▶ [What the exercise asks]:
Range to copy from the entries below: the line containing "Doedelzakspelers van Saendistrict" through the line containing "Läs mer om Ere", inclusive. Retype only those lines, exactly, without any images.

▶ [Material provided]:
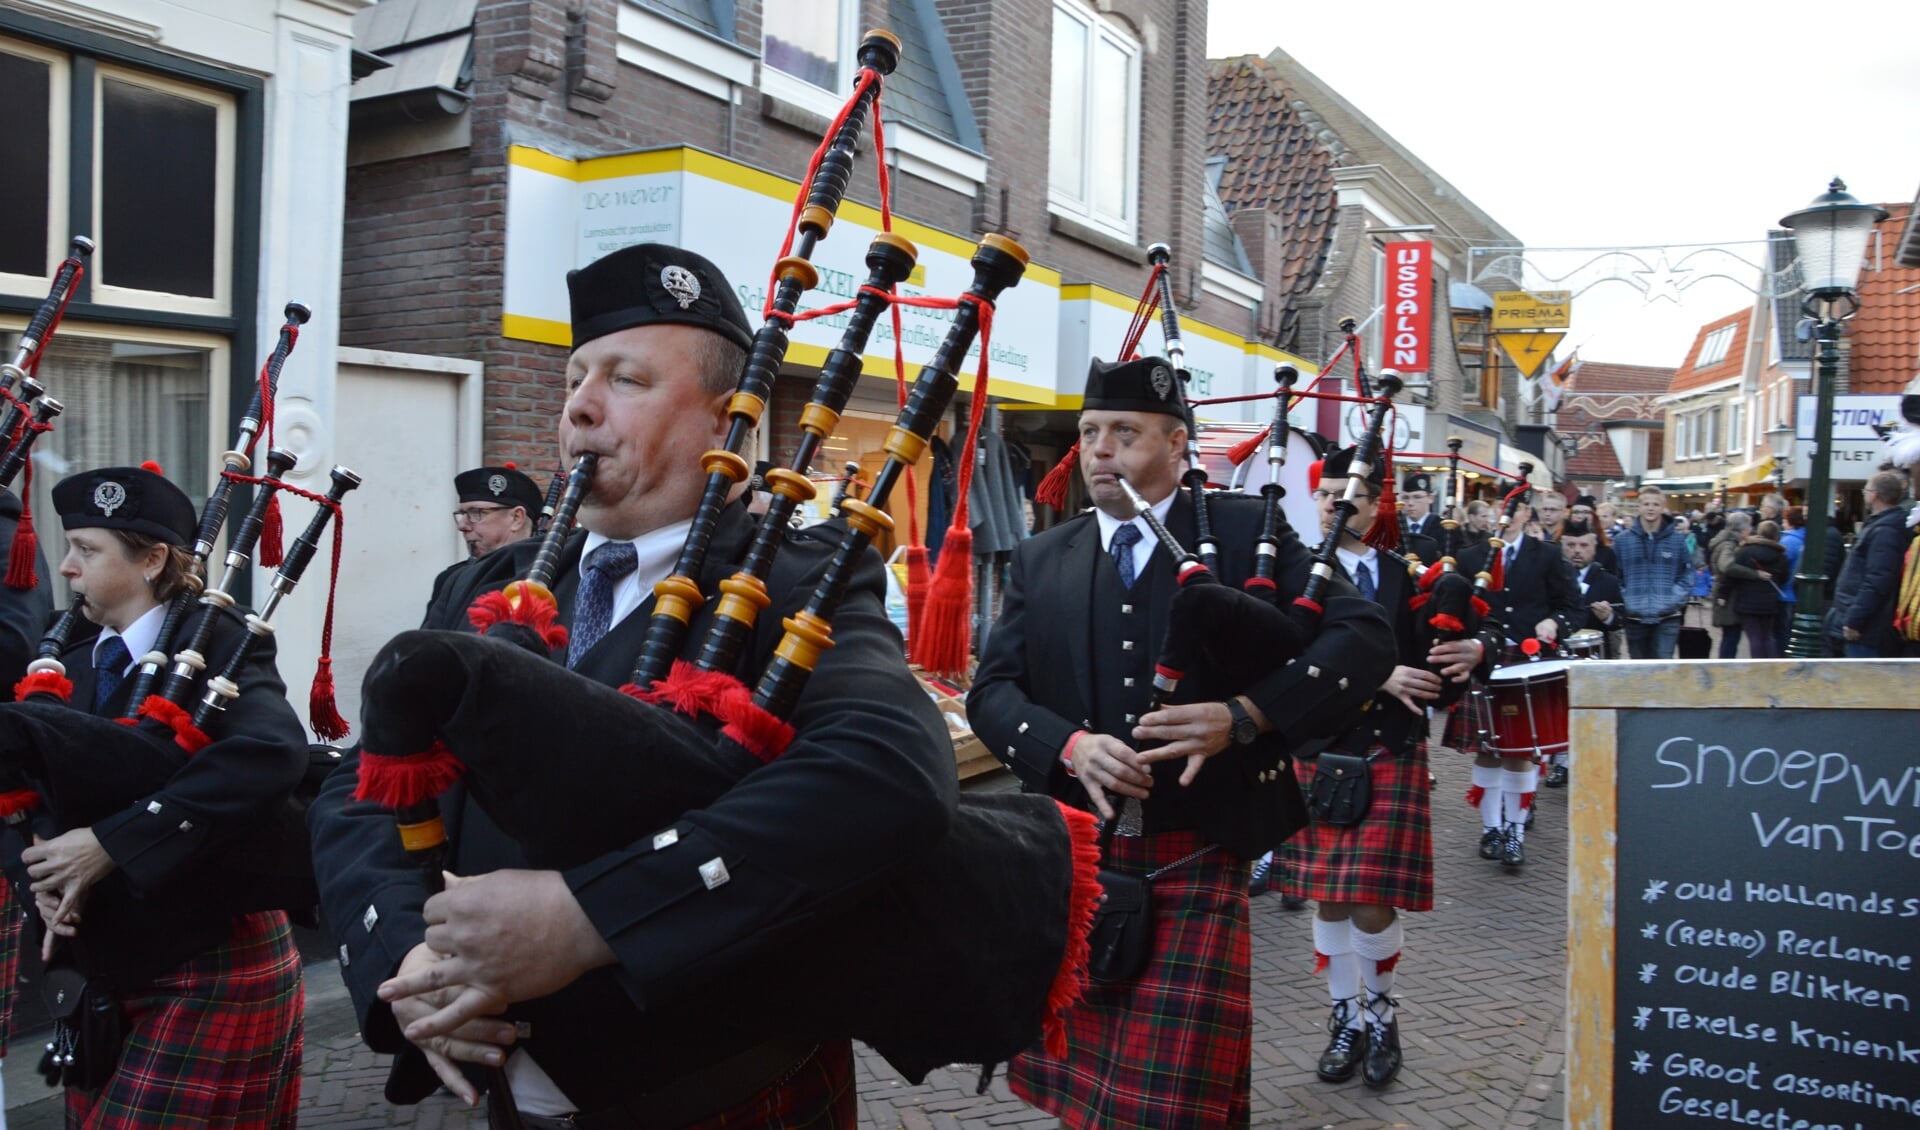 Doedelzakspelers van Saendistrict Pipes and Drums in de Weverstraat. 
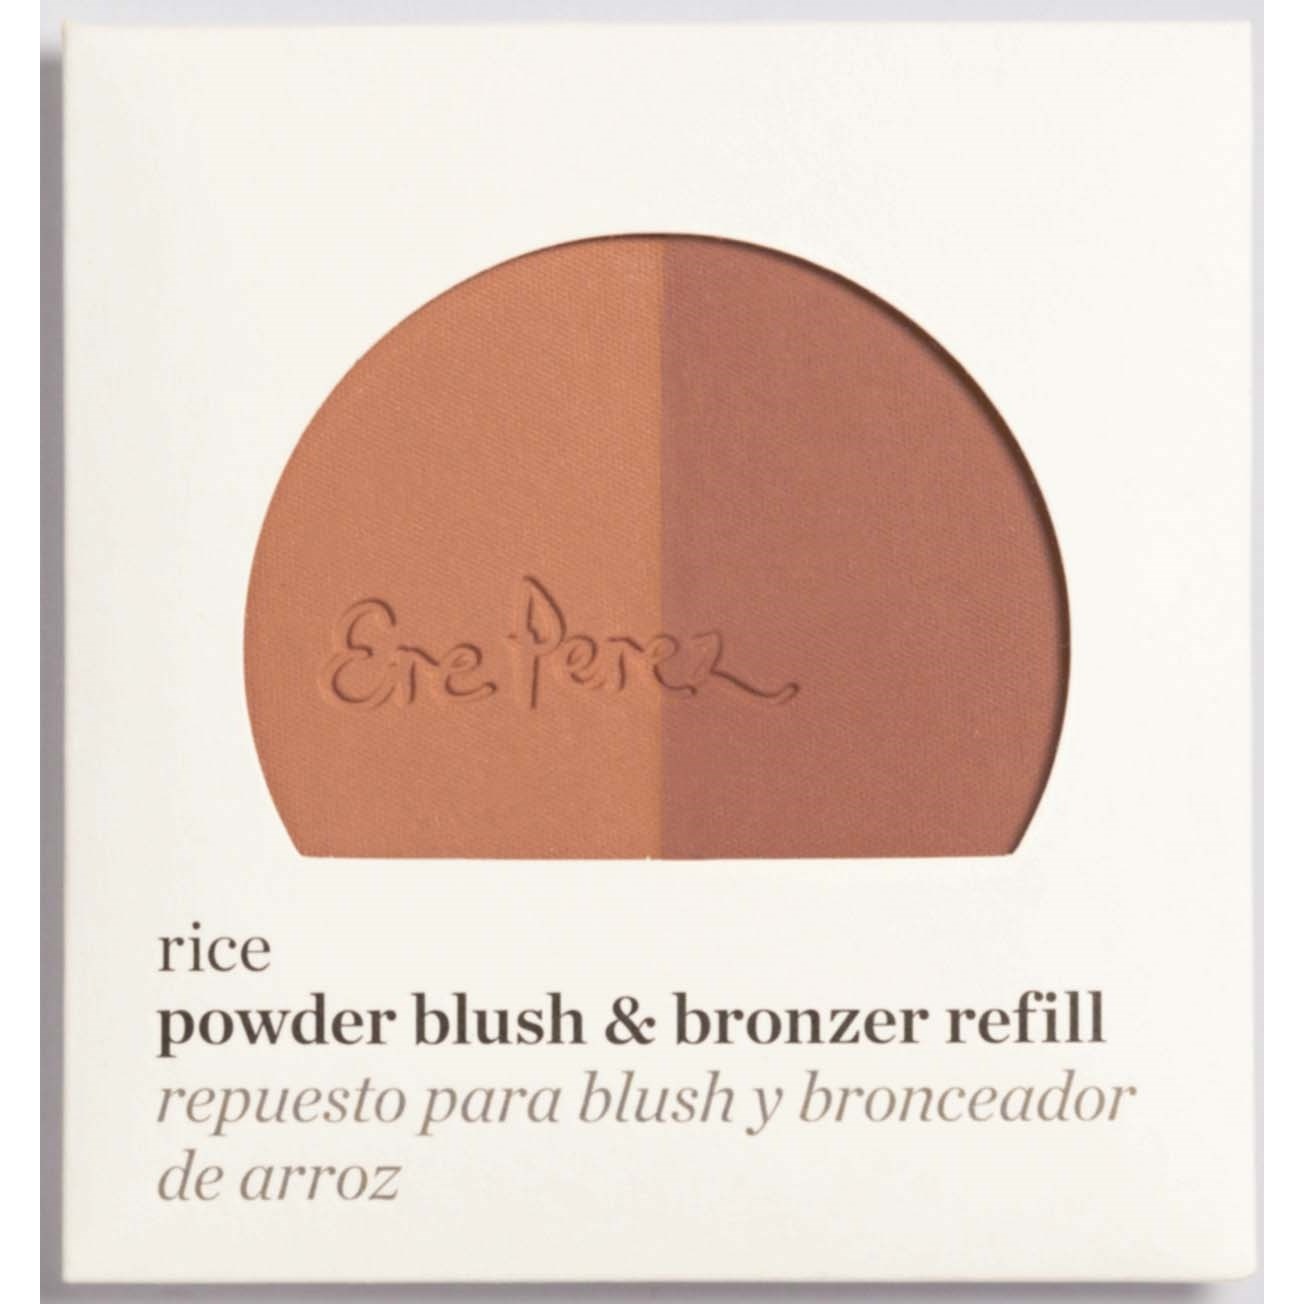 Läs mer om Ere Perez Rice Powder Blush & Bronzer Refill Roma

...

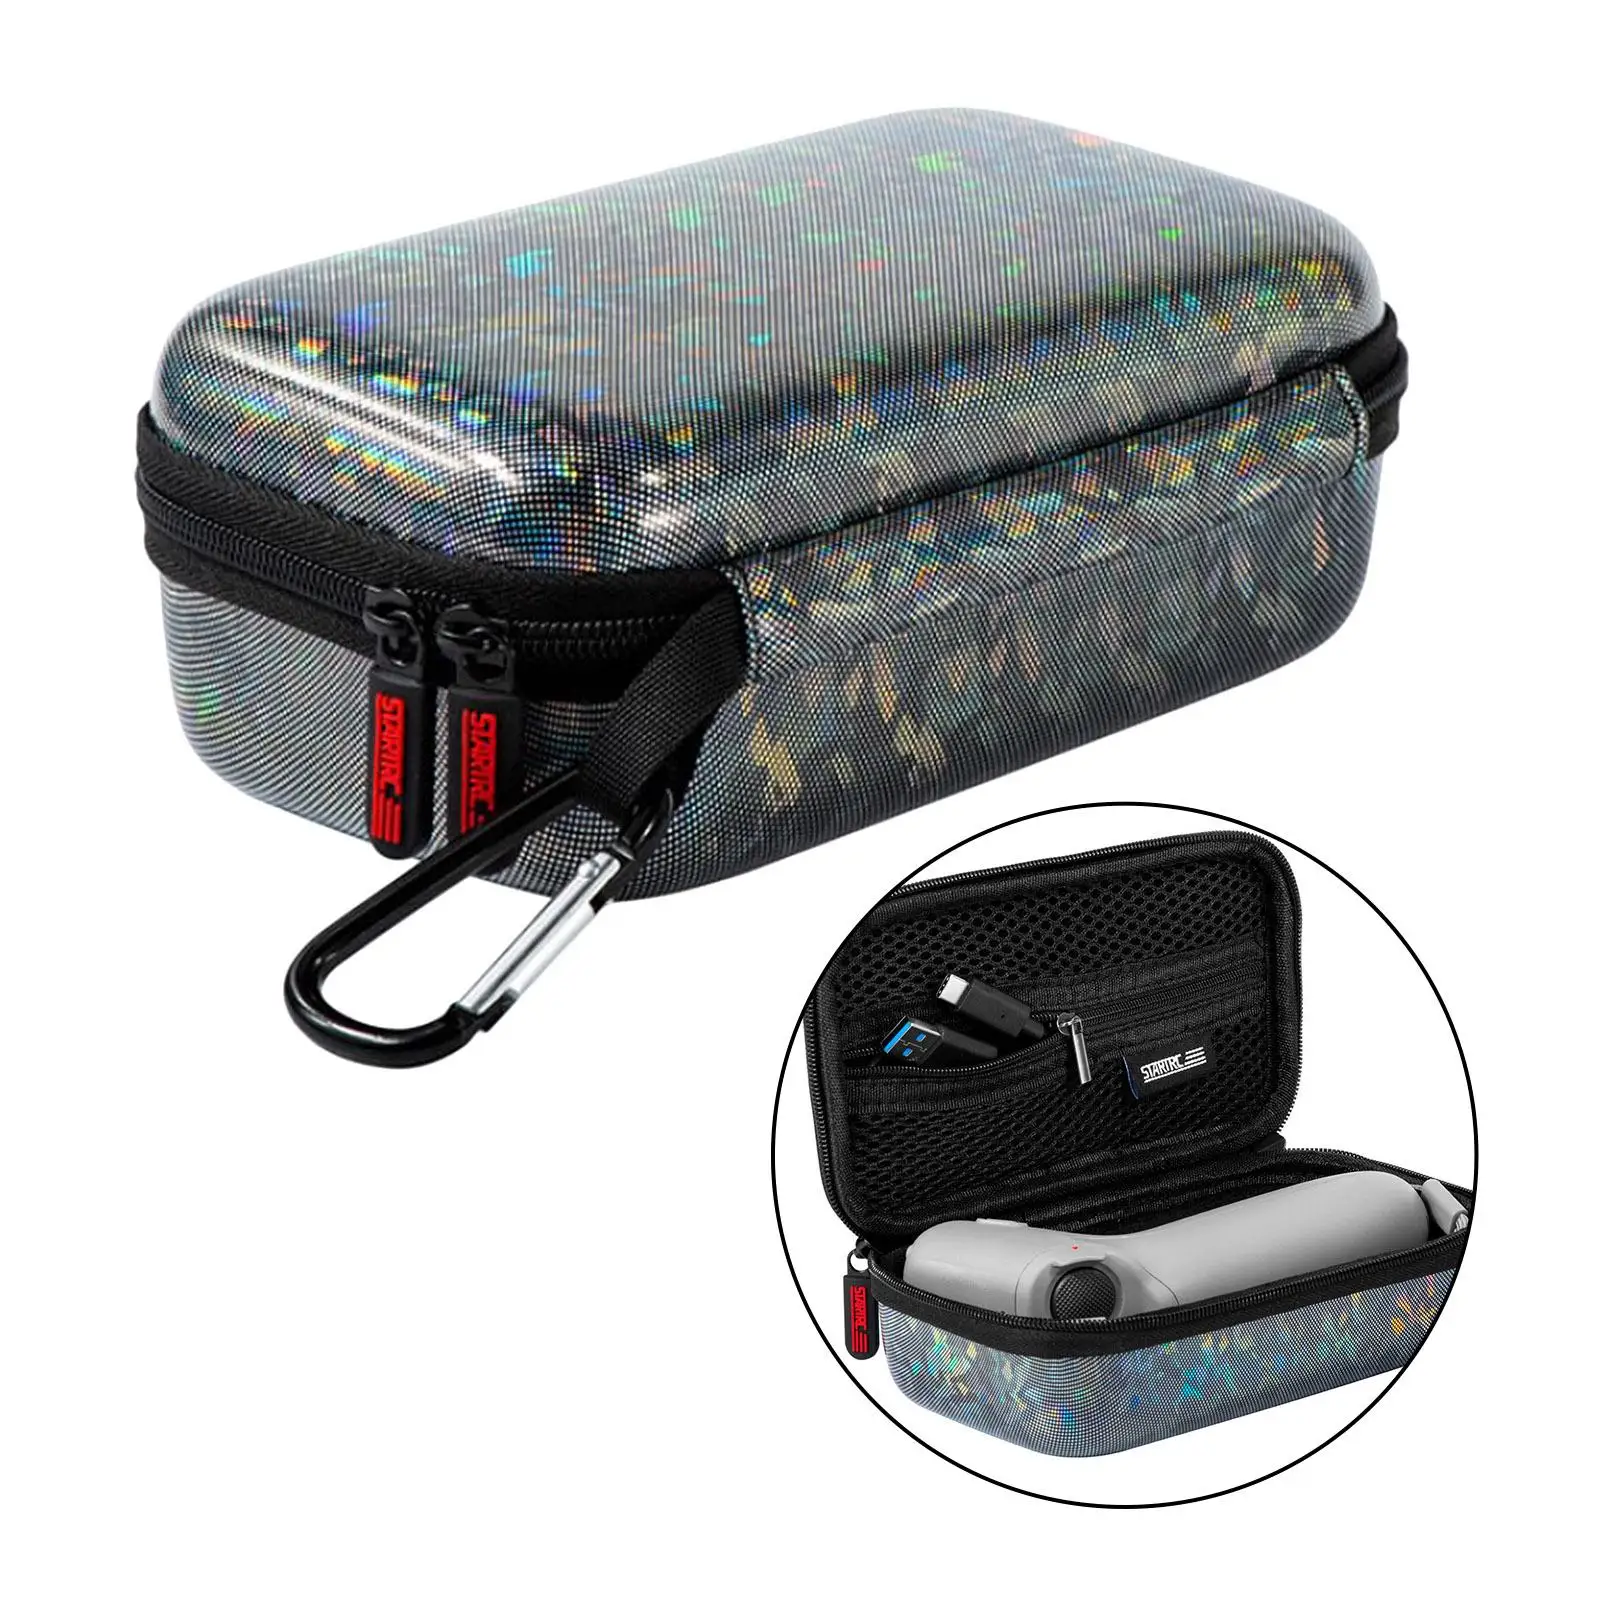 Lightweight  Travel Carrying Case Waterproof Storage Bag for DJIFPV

▶ [The completed task]:
 Doedelzakspelers van Saendistrict Pipes and Drums in de Weverstraat. 
 Läs mer om Ere Perez Rice Powder Blush & Bronzer Refill Roma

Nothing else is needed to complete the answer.